A canção de Chico Buarque, que é a canção que define "música popular brasileira", pode ser bem descrita. Antes de tudo, há a indissociável união de letra e música, característica de tantas canções pelo mundo afora, mas sempre específica de autores/cantores de aguda consciência social. É o caso de Joan Manuel Serrat ou Lluis Llach na Catalunha, Pete Seeger ou Bob Dylan nos Estados Unidos, Angelo Branduardi na Itália. É justamente da Itália que vem a melhor definição para estes músicos. São os cantautori, compositores que cantam eles próprios as suas criações, dando-lhes sua melhor voz. Basta ver o modo com que Chico Buarque interpreta suas canções e compreende-se logo o que é um cantautor: poucos gestos faciais, nenhum movimento físico desnecessário, toda expressão surgindo de boca e voz. A melodia é portadora do texto, mas este não existe sem aquela. Esta união esconde a riqueza infindável de soluções harmônicas, de giros melódicos insuspeitados, que caracteriza a canção da música popular brasileira. Assim como as letras têm espesso significado semântico mas guardam sempre os limites da compreensibilidade, assim as melodias são imediatamente "cantáveis", sem que se percebam suas sofisticações. Este modelo da canção urbana brasileira vem de longe, no tempo. É urbana porque é nos centros urbanos que se concretiza. É brasileira porque seu alcance é nacional, com pouquíssimas barreiras regionais. Não é canção "popular" porque nem suas origens e nem seus receptores se particularizam neste ou naquele segmento social. Suas origens são socialmente mais disseminadas, seus receptores são muito mais difusos do que os quereriam os teóricos. A unanimidade em torno de Chico Buarque vem daí, deste modelo quase atávico de canção que nos remete à década de 1920 e a Noel Rosa, mas que ultrapassa o modelo original ao depurar seus componentes estruturais, letra e música, seus conteúdos semântico e sônico. Essa depuração está também na agudeza da observação crítica da realidade social e nos matizes que às vezes transferem esta denúncia para o território do sentimental.

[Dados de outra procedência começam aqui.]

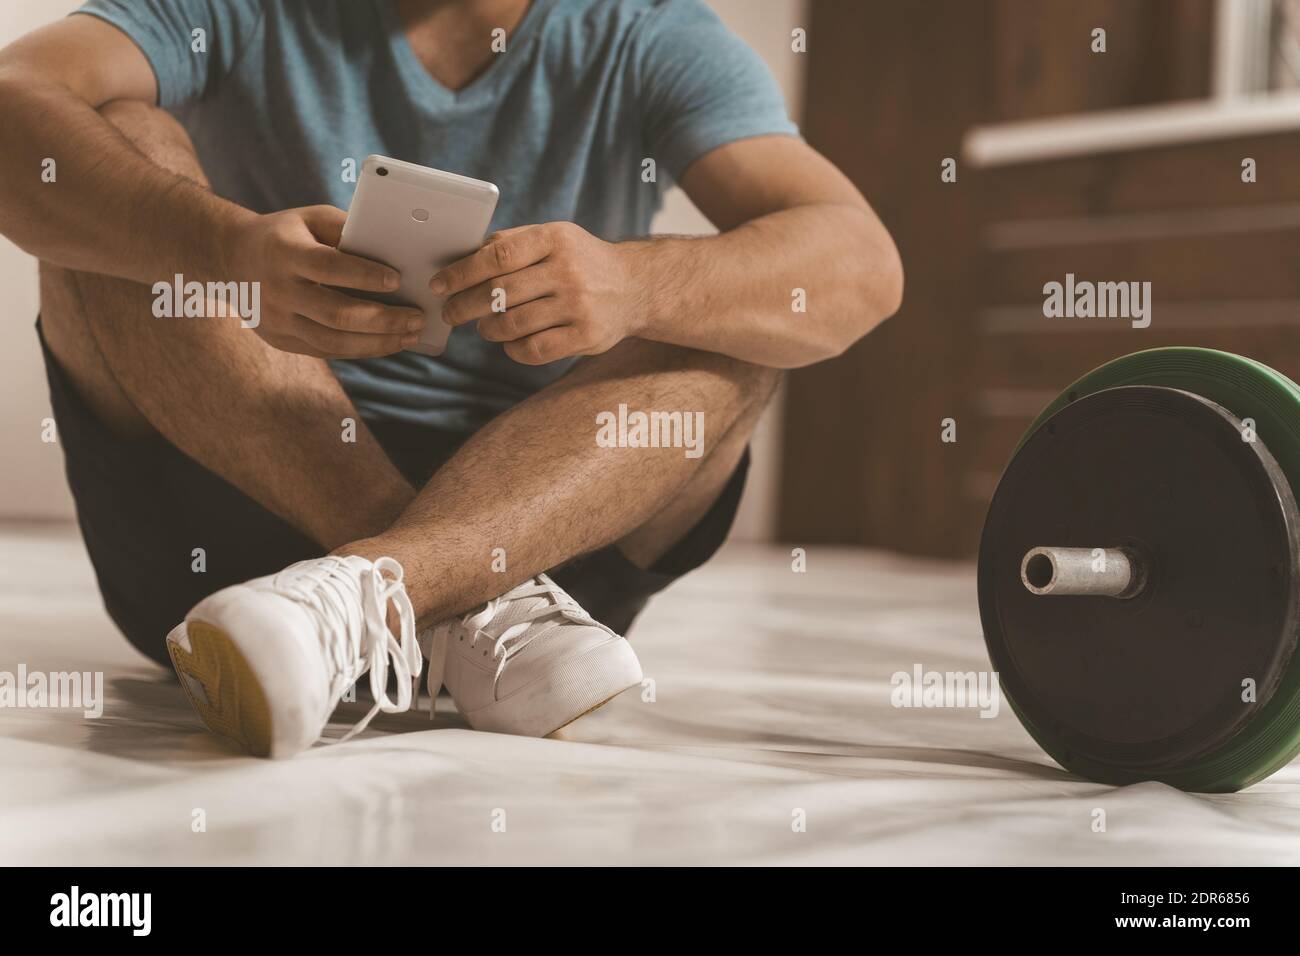 Keine Gesichtsaufnahme eines Fitnesstrainers, der online sucht oder auf dem Boden mit Smartphone sitzt, schwarze und grüne Fitness-Langhantel, Geräte Stockfoto

Lembro da canção brasileira dos anos 1970, ao tempo de Apesar de Você ("você que inventou a tristeza, ora, tenha a fineza de desinventar"). Havia uma luta incessante contra a censura oficial, cuja violência se manifesta, para mim, em três situações-símbolo. Uma delas é o vinil Milagre dos Peixes, de Milton Nascimento, impedido de circular com suas letras, das quais não sobrou muito mais do que Clementina de Jesus cantando "volto do trabalho, êêê" e um garoto repetindo "meu nome é Pablo". Outra situação-símbolo são as duas palavras cortadas a navalha da trilha de Calabar, peça que Chico Buarque escreveu em parceria com Ruy Guerra: "sífilis", pelas suas múltiplas conotações, e "duas", para evitar a sugestão de lesbianismo em "vamos ceder, enfim, à tentação das nossas bocas cruas e mergulhar no poço escuro de nós duas". Ainda outra situação-símbolo é o aparecimento de um certo Julinho da Adelaide num vinil, Sinal Fechado, em que Chico Buarque se viu obrigado a gravar apenas canções de outros, já que suas próprias criações não furavam mais o bloqueio oficial. Julinho da Adelaide surgiu aí: era o próprio Chico Buarque travestido de sambista driblando a censura, clamando: "acorda amor, são os homens e eu aqui parado de pijama, eu não gosto de passar vexame, chame o ladrão!". Como não há mal que sempre dure, a luta contra a censura começou a ser vencida em 1977, quando Elis Regina conseguiu gravar a letra integral de Caxangá, de Milton Nascimento e Fernando Brant, lá do Milagre dos Peixes. Foram muitos os desmandos, foram imensos os danos. Mesmo assim, Chico Buarque aparece sorridente em 1978, de cabelo engomado, na capa de um novo vinil. Dentro, porém, é desfechado o golpe mais contundente contra a repressão, Cálice, e nela se encerram as fases de juventude e de primeira idade adulta de Chico Buarque.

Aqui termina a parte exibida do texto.